I've been struggling with this issue for a very long time. I've always felt that there was something "more", but never knew what it was. Still don't, really. I've never been content with what i believe. On one hand i really want to believe that there is a God and he created us all and we'll be with him again. But my logical "have to see it to believe it" brain of mine takes over and i start doubting. How do you have that faith? Chuck told me the other night that that is what faith is. Believing in something with no evidence. Which i guess some could argue saying that there is enough historical evidence to believe without a doubt. I've thought about that, and in my limited knowledge i still think "Well how do I KNOW that there is a God in Heaven?". (
Obviously i need to do a LOT more reading and research)

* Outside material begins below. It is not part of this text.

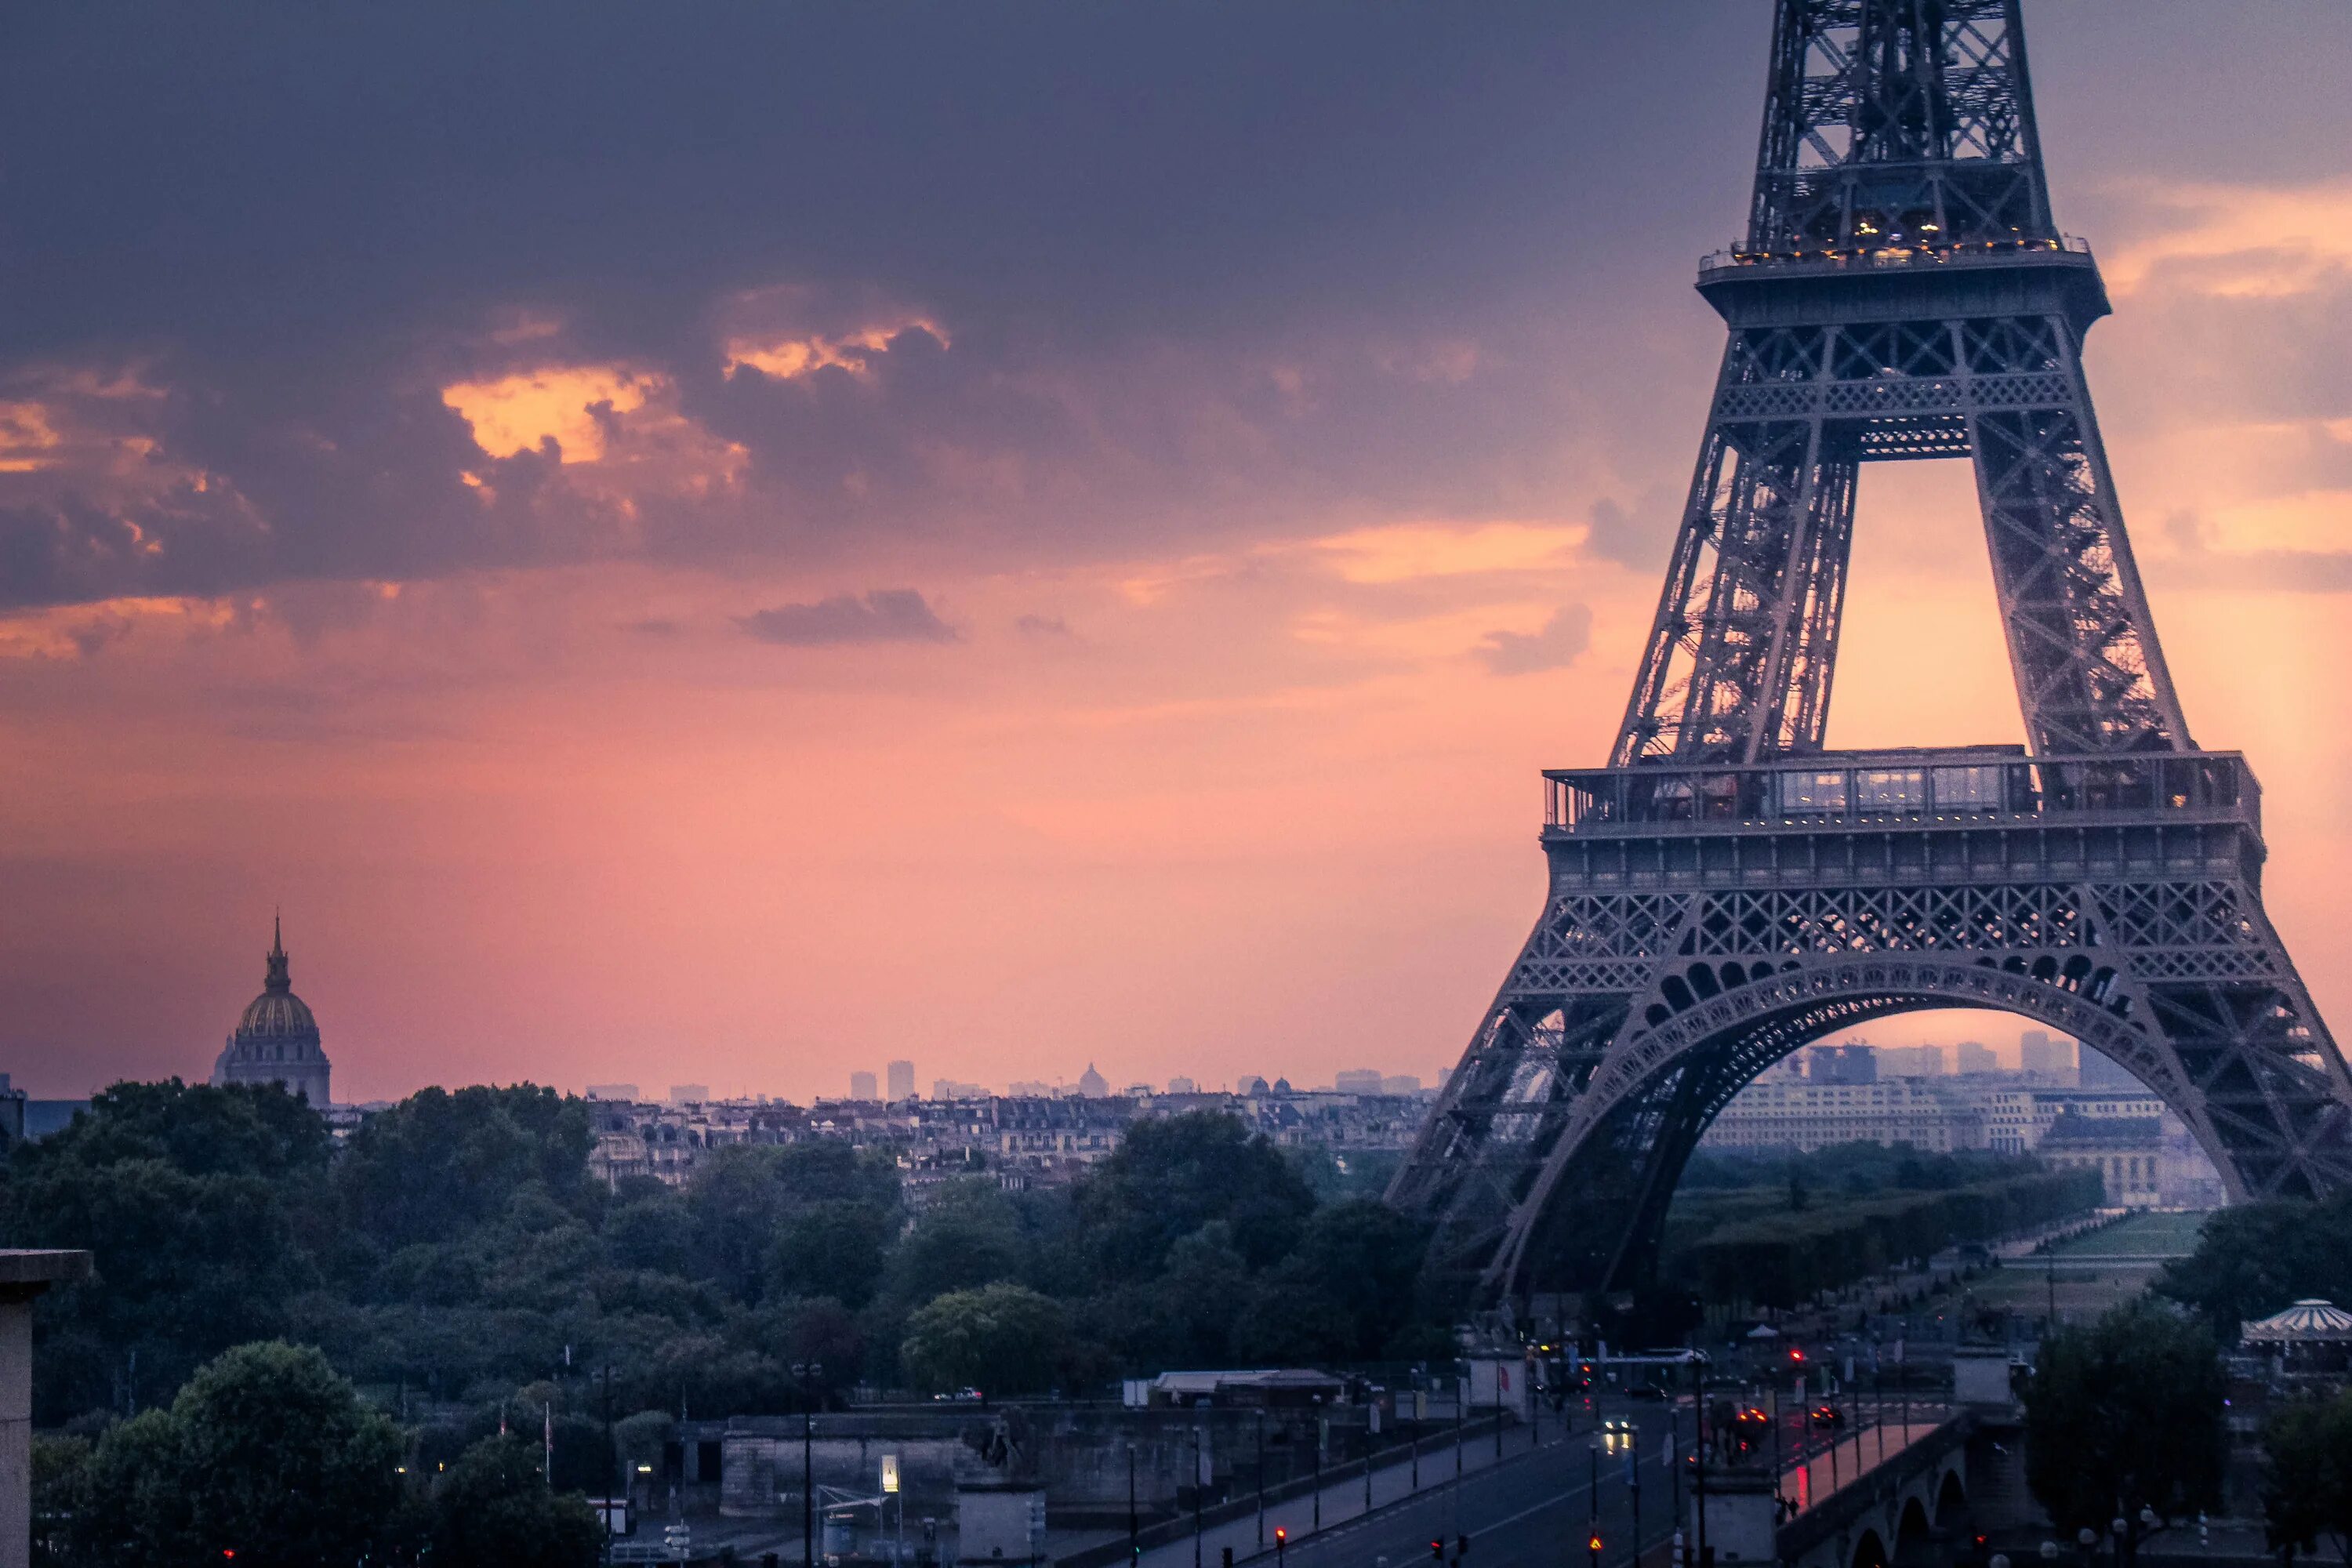 Француз рассвет. Эйфель башня Франция. Франция эльфивая башня Эстетика. Франция Эйфелева башня закат. Париж Эйфелева башня Эстетика.

Being raised in the LDS heavy state that i was, this has been something i've thought about a lot since i was little. You cant really escape religion around here! But it's just been the last few years (since my Dad died and my son was born) that it's really started to weigh heavy on my heart. More specifically, the last few weeks have brought it front and center. My youngest brother was in two potentially life threatening car accidents within two weeks, but barely had a scratch on him. I felt in my heart that our dad was watching over him. Then i was talking to my other brother and he said the same thing. We both came to the conclusion that the first accident was my dad "teaching" Carson defensive driving, because he would have been the one to do that had he been here, which probably very well saved his life. And the second accident was dad teaching Carson that doing stupid things in vehicles is not smart. Because, goodness knows, my dad has been there and done that! lol! (BTW, thanks a lot dad....why MY car??? ;) Sheesh.....)

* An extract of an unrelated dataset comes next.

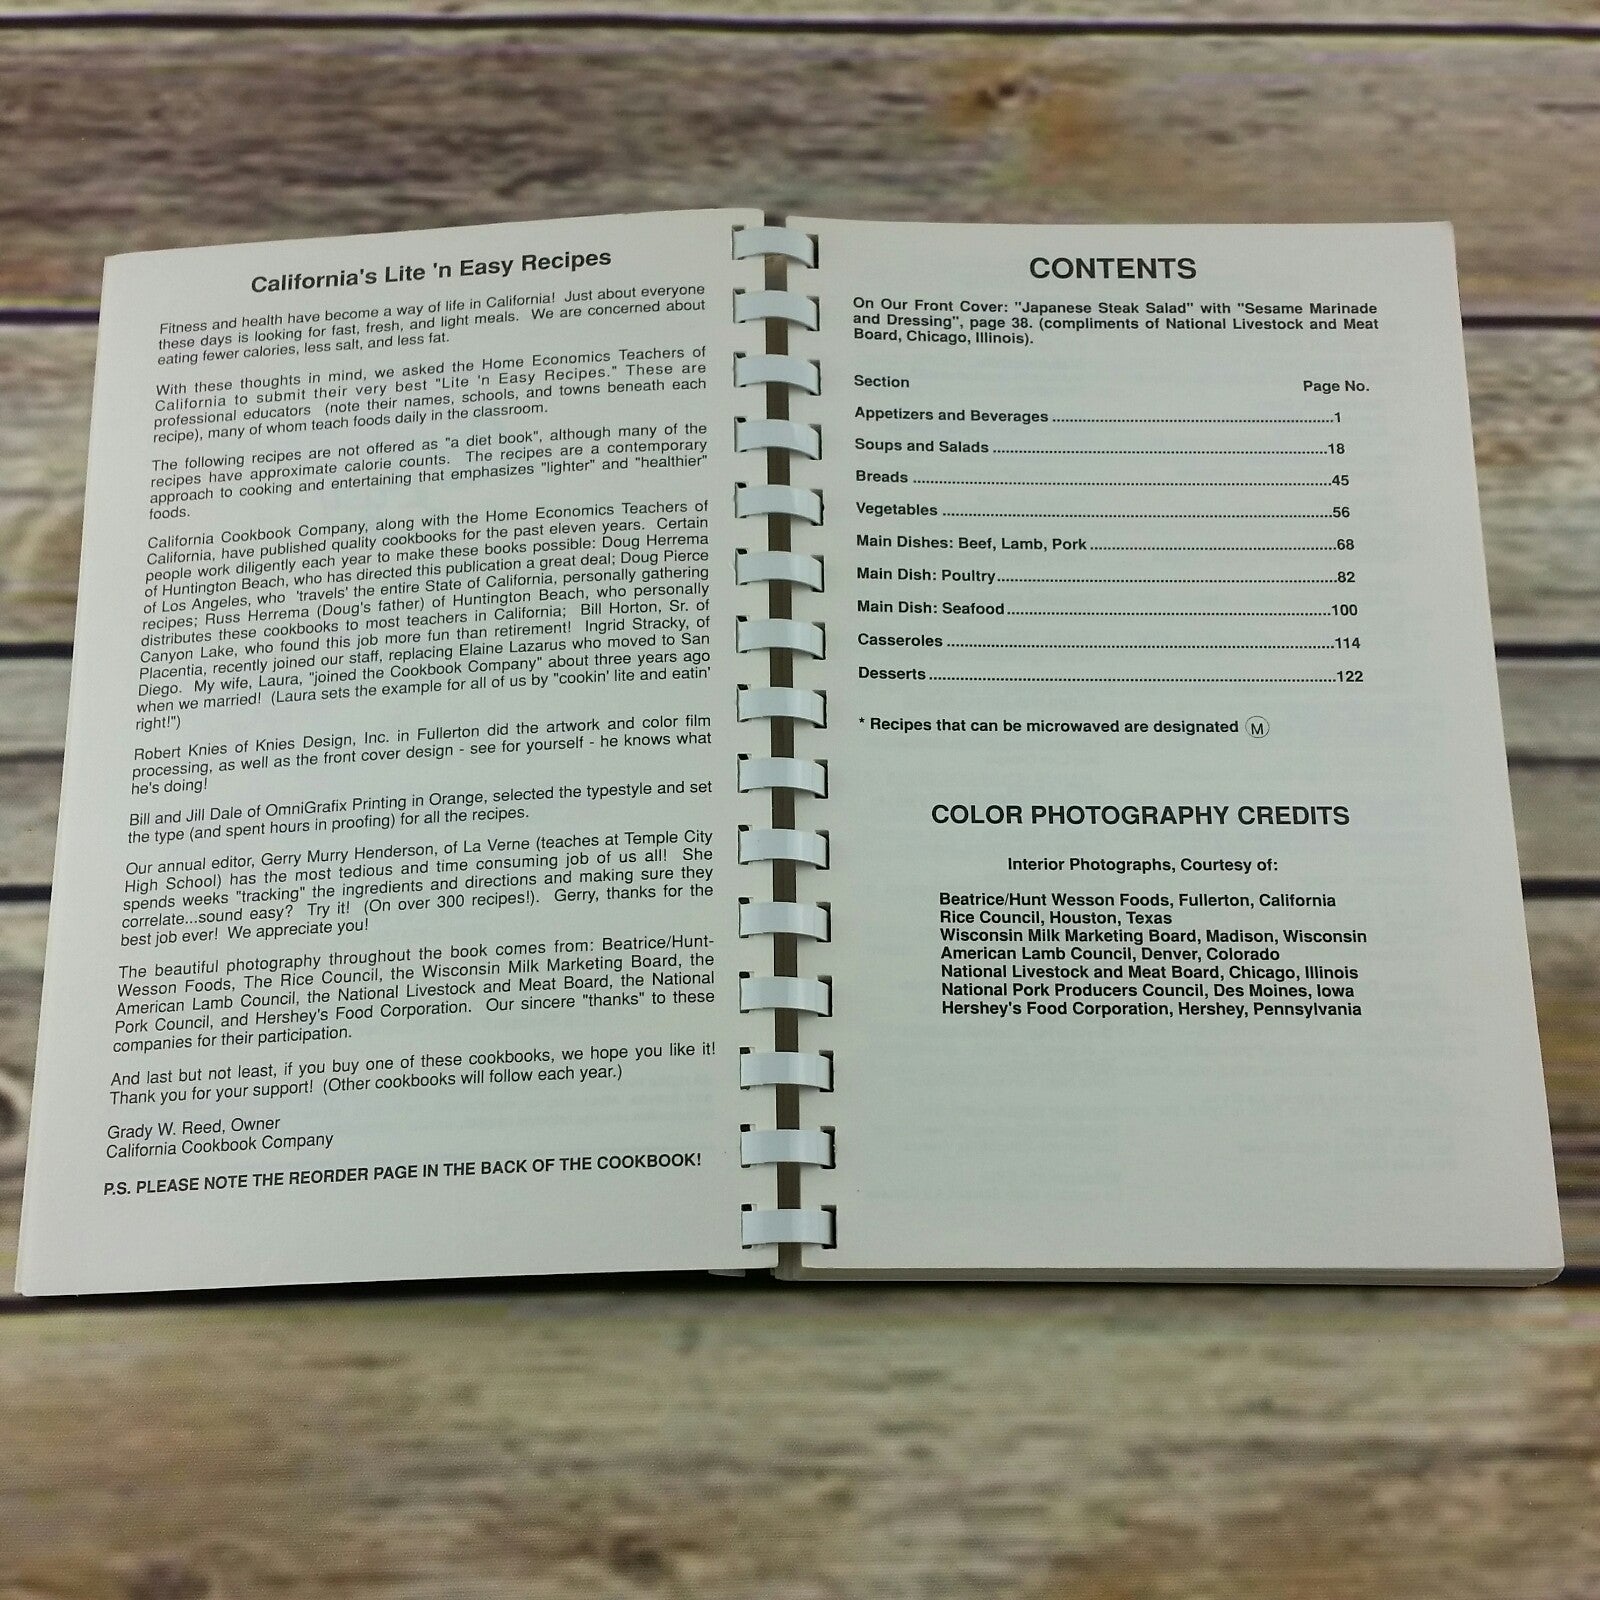 Vintage California Cookbook Lite N Easy Recipes Home Economics Teachers 1989 - At Grandma's Table

Then the other day, i bought a new CD. I love music, particularly country music. With country music comes God. I've always loved country songs about faith. They always make me feel better about my standing with God. For some reason, this particular song on this CD hit me harder than the rest. It's about a man telling his granddaughter about building their home out of the heart of the wood, and making a guitar and the music being in the heart of the wood. The final verse is about the cross made of wood. The last line says "it held the son of God like it should but i bet it broke the heart of the wood". I cry every time i hear it. There's also a song called "Loved the Hell" about a woman loving her husband so much she loved the hell right out of him. (which is a different blog for a different day!) .....And one about saying goodbye to a loved one that has died. Seriously, i cry throughout the whole CD, but i still listen to it over and over! (It's Joey + Rory, by the way. Google them, they are amazing)
Anyways, my whole point of this rambling is; i've come to the point in my life that i really feel compelled to find what it is i've been wondering about for so long. I've started doing a bit of research and i found a great article that made me feel pretty confident that i'm not completely hopeless. I saved a quote from it:
"Faith causes questions and seeks answers from God and transforms, it sees the mystery of God and his grace and seeks to know and become obedient to God"Which makes me think, if faith causes questions, and i have questions, i must have faith, right??
And boy do i have a lot of questions!! Like, do we believe in God and heaven and angels because it makes us feel better or is there really an afterlife? Where do i start finding the denomination that works for me? Or do i really need to have a denomination? Cant i just study the bible and just know i have my faith in my heart? Does cussing and having an occasional drink put me on the fast track to hell? Not to mention that i'm fairly certain i've broke a commandment or two in my past.
In that same article, i found another bit of info i really liked. The source surprised me, but it was very simple. It is said that in the Qur'an, Allah says "Surely, those who believe, those who are Jewish, the Christians, and the converts; anyone who believes in GOD, and believes in the Last Day, and leads a righteous life, will receive their recompense from their Lord. They have nothing to fear, nor will they grieve"
That is the closest i've come so far to finding something similar to what i *think* i believe. If i believe in God, and live life like he says i should, i'll be fine. I just hope it says somewhere in there that i can make mistakes and still be ok.
So my first step is to go dig out our bible (Which is going to be a feat all it's own, considering the half-packed mess my house is...) and just start reading. I'm sure that will open a whole new mess of questions, but i guess thats what it's all about, right?
Thanks for reading, and if you feel so inclined, share with me your version of faith!